Item 1.01
Entry into a Material Definitive Agreement.
Effective June 9, 2016, Mattress Firm, Inc. (MFI), a Delaware corporation and wholly owned subsidiary of Mattress Firm Holding Corp., a Delaware corporation (the Company), entered into a vendor supply agreement (the Supply Agreement) with Sherwood Bedding Holding Company, LLC, a Florida limited liability company (Bedding), Sherwood West, LLC, a Delaware limited liability company (West), Sherwood Southeast, LLC, a Florida limited liability company (Southeast), Sherwood Southwest, LLC, a Florida limited liability company (Southwest), Sherwood Midwest, LLC, a Florida limited liability company (Midwest), and their future affiliated bedding manufacturing companies (Bedding, West, Southeast, Southwest, Midwest and their future affiliated bedding manufacturing companies are collectively referred to as Sherwood). The Supply Agreement is attached to this Current Report on Form 8-K as Exhibit 10.1.

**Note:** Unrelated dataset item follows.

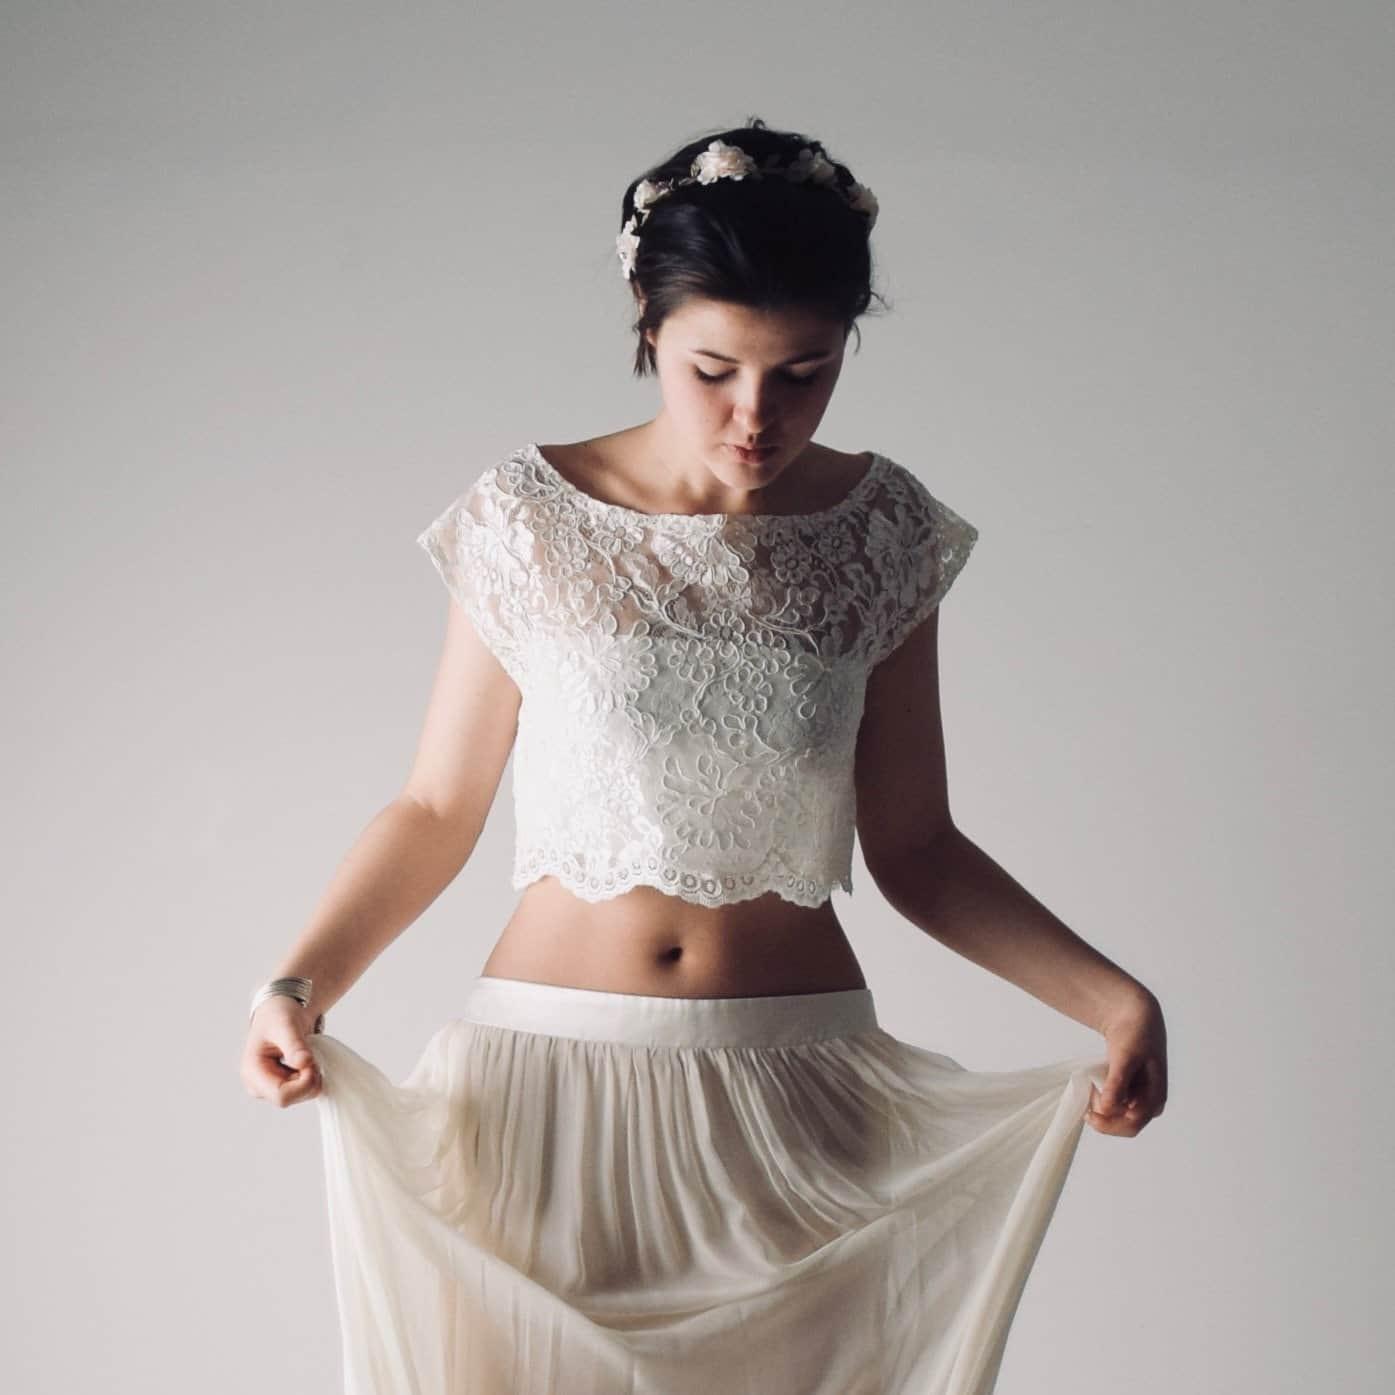 Boho abito sposa due pezzi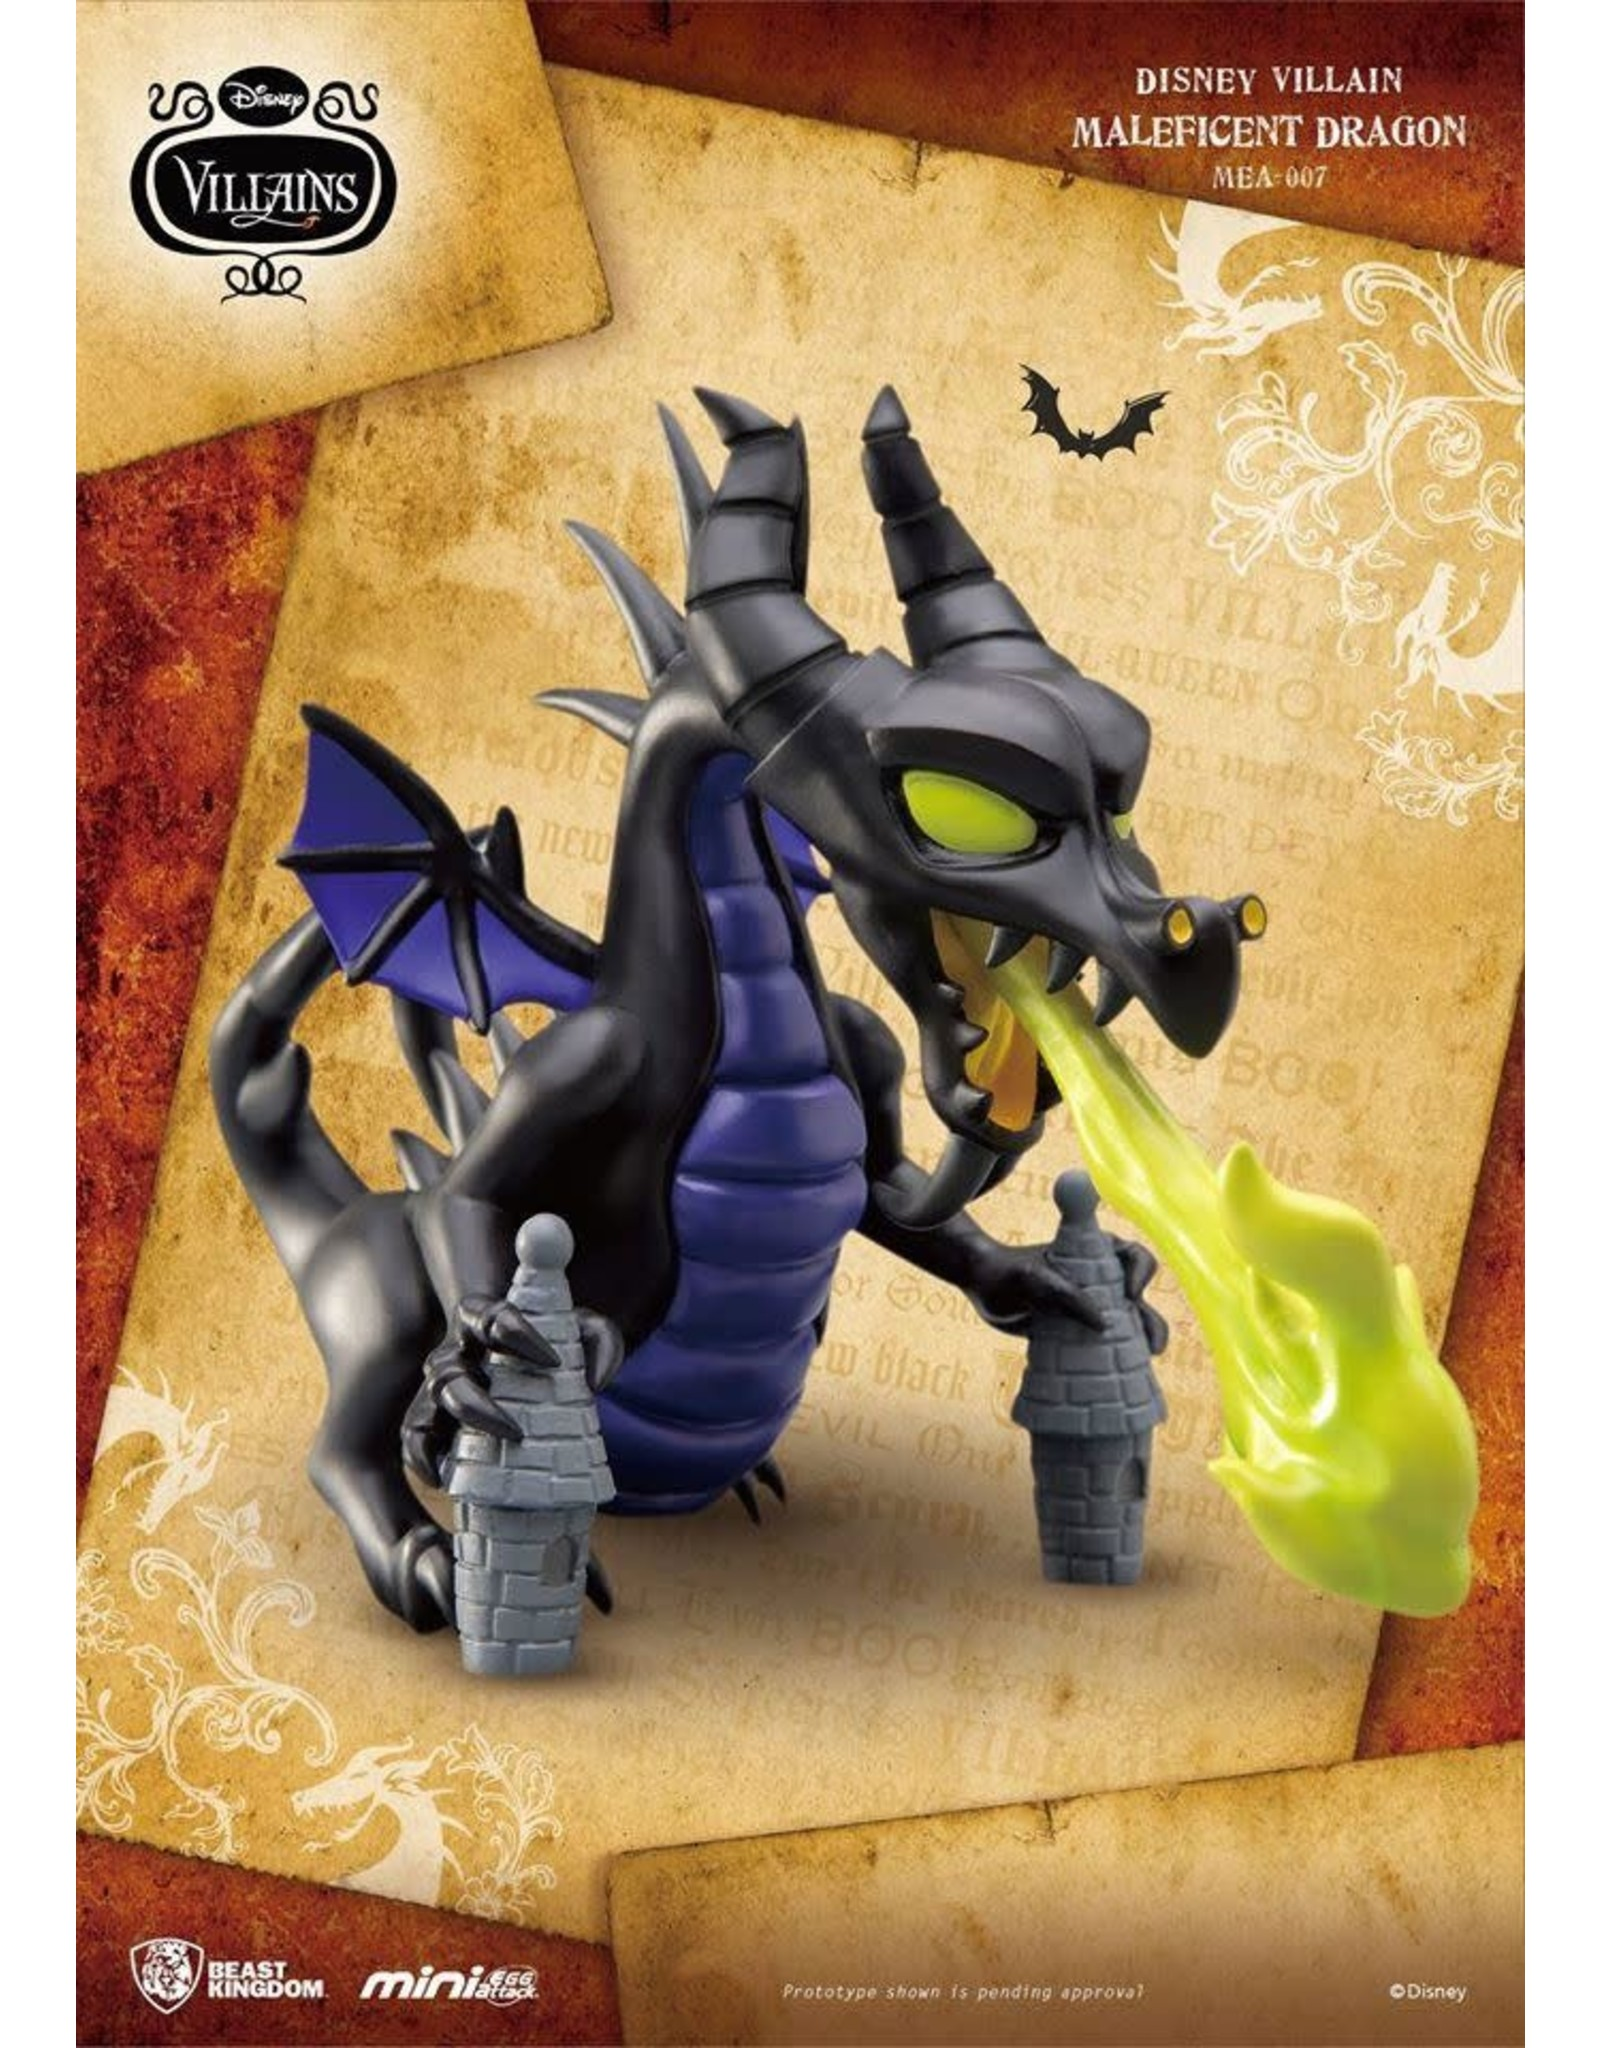 DISNEY VILLAINS - Figurine Mini Egg Attack - Maleficent Dragon - 10cm

Unless terminated earlier in accordance with its terms, the Supply Agreement has a three year term starting on July 1, 2016. The Supply Agreement supersedes and replaces the existing supply agreements between MFI and Sherwood and sets forth the minimum volume of purchases that MFI is required to make from Sherwood each contract year, the volume rebate, as well as the general terms relating to, among other things, payment, warranties, indemnification, intellectual property rights and delivery applicable to purchases of products by MFI from Sherwood.
Pursuant to the Supply Agreement, MFI may order from Sherwood proprietary products that are the result of the parties collaborative efforts and other non-proprietary products that are manufactured by Sherwood. Sherwood establishes the prices for all products supplied to MFI; however, the parties must mutually agree on the initial price of any proprietary products. Sherwood may only change the price of products upon providing 60 days written notice to MFI and in the case of proprietary products, MFI must consent to those changes. Under the terms of the Supply Agreement, Sherwood is prohibited from manufacturing for, or selling to, any third party any of the proprietary products or any developed or otherwise created intellectual property contained in such products.
Either party may terminate the Supply Agreement for the other partys breach of any material covenant or obligation that remains uncured for 15 or more days after receiving written notice of the default. MFI may also terminate the Supply Agreement upon certain changes of control of Sherwood, in the context of force majeure, or after July 1, 2017, for convenience by paying an early termination fee and providing 12 months written notice to Sherwood. Sherwood further has a termination right if MFI fails to meet, on an annual basis, specified volume targets with respect to its product purchases from Sherwood.
The foregoing description of the Supply Agreement is qualified in its entirety by reference to the full text of the Supply Agreement, a copy of which is attached as Exhibit 10.1 hereto and is incorporated herein by reference.